Затем он пожал плечами и взял со стола блокнот.
– Каковы данные о надежности ракеты-носителя «Атлас»?
– Гм… – Внезапная смена темы слегка обескуражила меня, но я быстро сориентировалась: – По меньшей мере каждый десятый запуск ракет класса «Атлас» был не полностью успешным. Оттого-то мы теперь и используем в основном ракеты класса «Юпитер».
Клемонс скрестил руки на груди, а Бенкоски принялся опять что-то записывать.
– Каковы преимущества двигателей с замкнутым циклом сгорания по сравнению с давно привычными нам двигателями с открытым циклом?
– Ракетные двигатели с замкнутым циклом сгорания по сравнению с двигателями с открытым циклом имеют значительно большую тягу при том же расходе топлива. К сожалению, ракетные двигатели с замкнутым циклом конструктивно значительно сложнее и оттого дороже в производстве. Кроме того, сложность их конструкции и необходимость использования значительно большего количества узлов и деталей, чем того требуют двигатели с открытым циклом, снижают их надежность.
Последовали еще и еще технические вопросы, но отвечать на них мне было значительно проще, чем на личные, и дальше собеседование прошло для меня как по маслу.
Гершель попросил порекомендовать ему отель в нашем городе, и я направила его в «Аладдин», где мы с Натаниэлем останавливались после несостоявшегося взрыва. В вестибюле на втором этаже отеля был балкон с баром, в котором подавали мартини наивозможнейших составов. Балкон поддерживали колонны из черного мрамора, а позолота на перилах и на капителях колонн придавала этому месту элегантность дометеоритного золотого века. Каким бы привлекательным ни был мартини-бар, пить перед встречей с тетей Эстер, да еще и после пяти дней подряд выбивающего дух из тела тестирования, очевидно, стало бы далеко не лучшей затеей. Хотя потом… Потом я, быть может, даже выпью столько мартини, сколько в том баре сумеют приготовить.
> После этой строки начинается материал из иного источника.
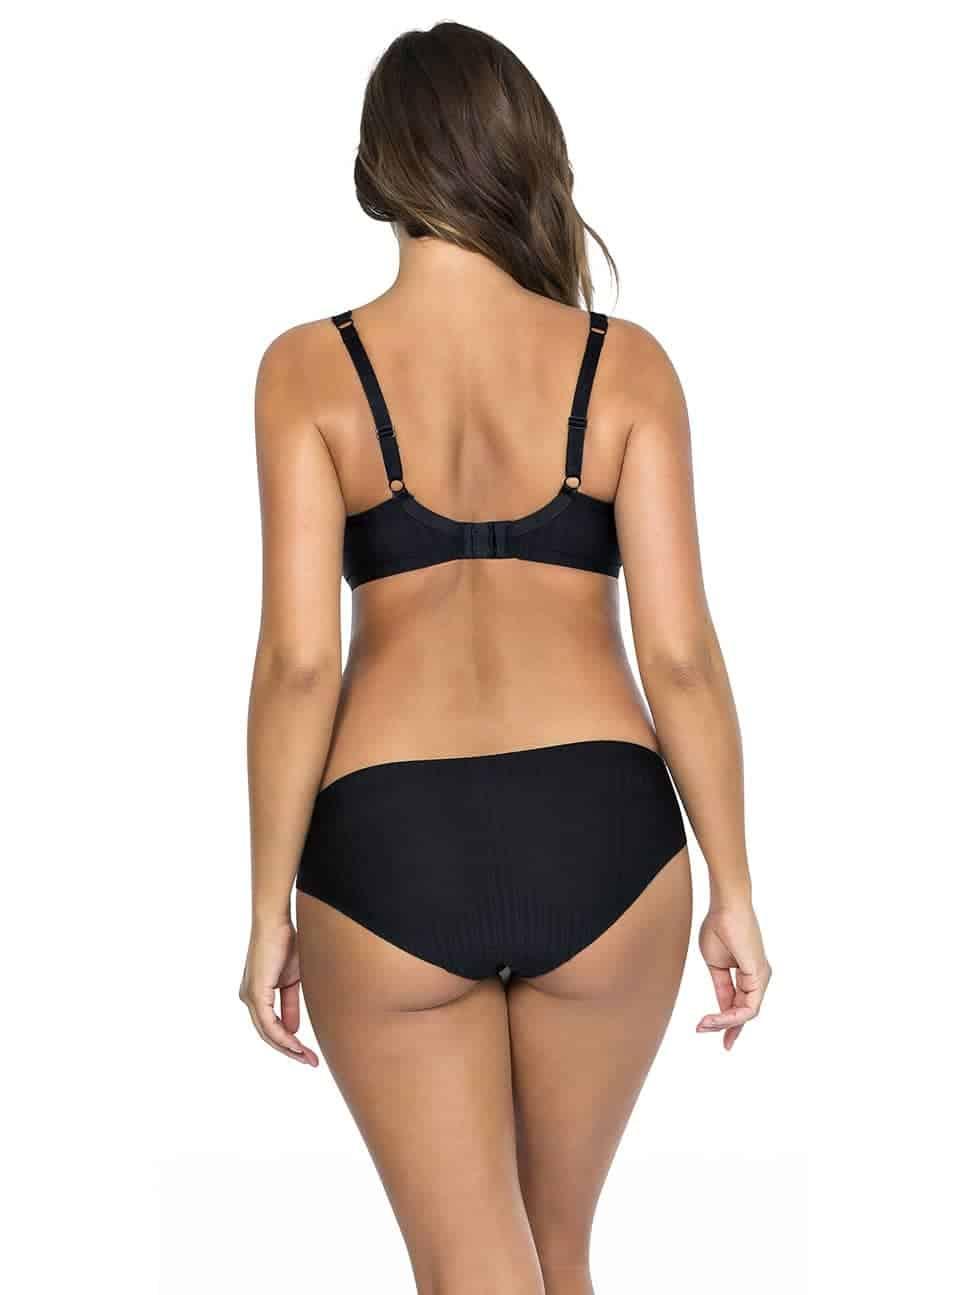 Aline TShirtBraP5251 BikiniP5253 Black Back - Aline Bikini - Black - P5253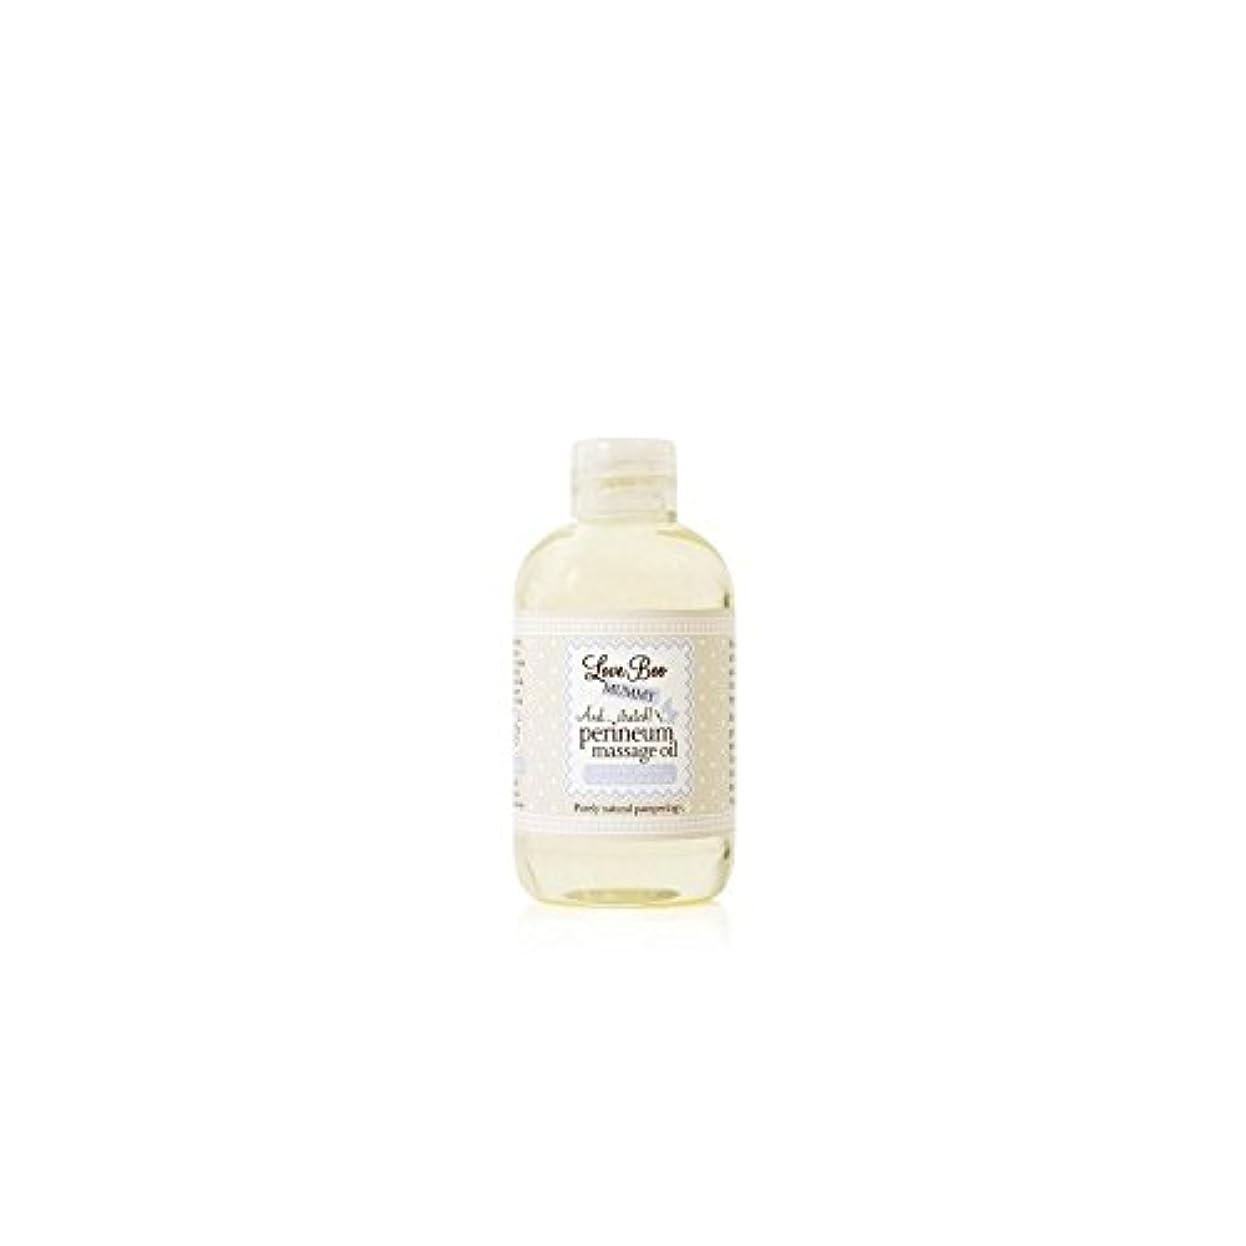 無視印象的繁殖Love Boo Perineum Massage Oil (100ml) - 会陰マッサージオイル(100)にブーイングの愛 [並行輸入品]

Мы прошли через вестибюль в ресторан в задней части отеля. Место было весьма пристойным и даже с претензией на элегантность. Когда мы в этом заведении были ранее, то на личном опыте убедились, что еда здесь – весьма и весьма, хотя ассортимент кулинарными изысками и не балует.
Навстречу нам скользнул метрдотель с меню в вытянутой руке.
– Столик на двоих?
Из кабинки на дальнем конце зала высунулся Гершель и помахал нам.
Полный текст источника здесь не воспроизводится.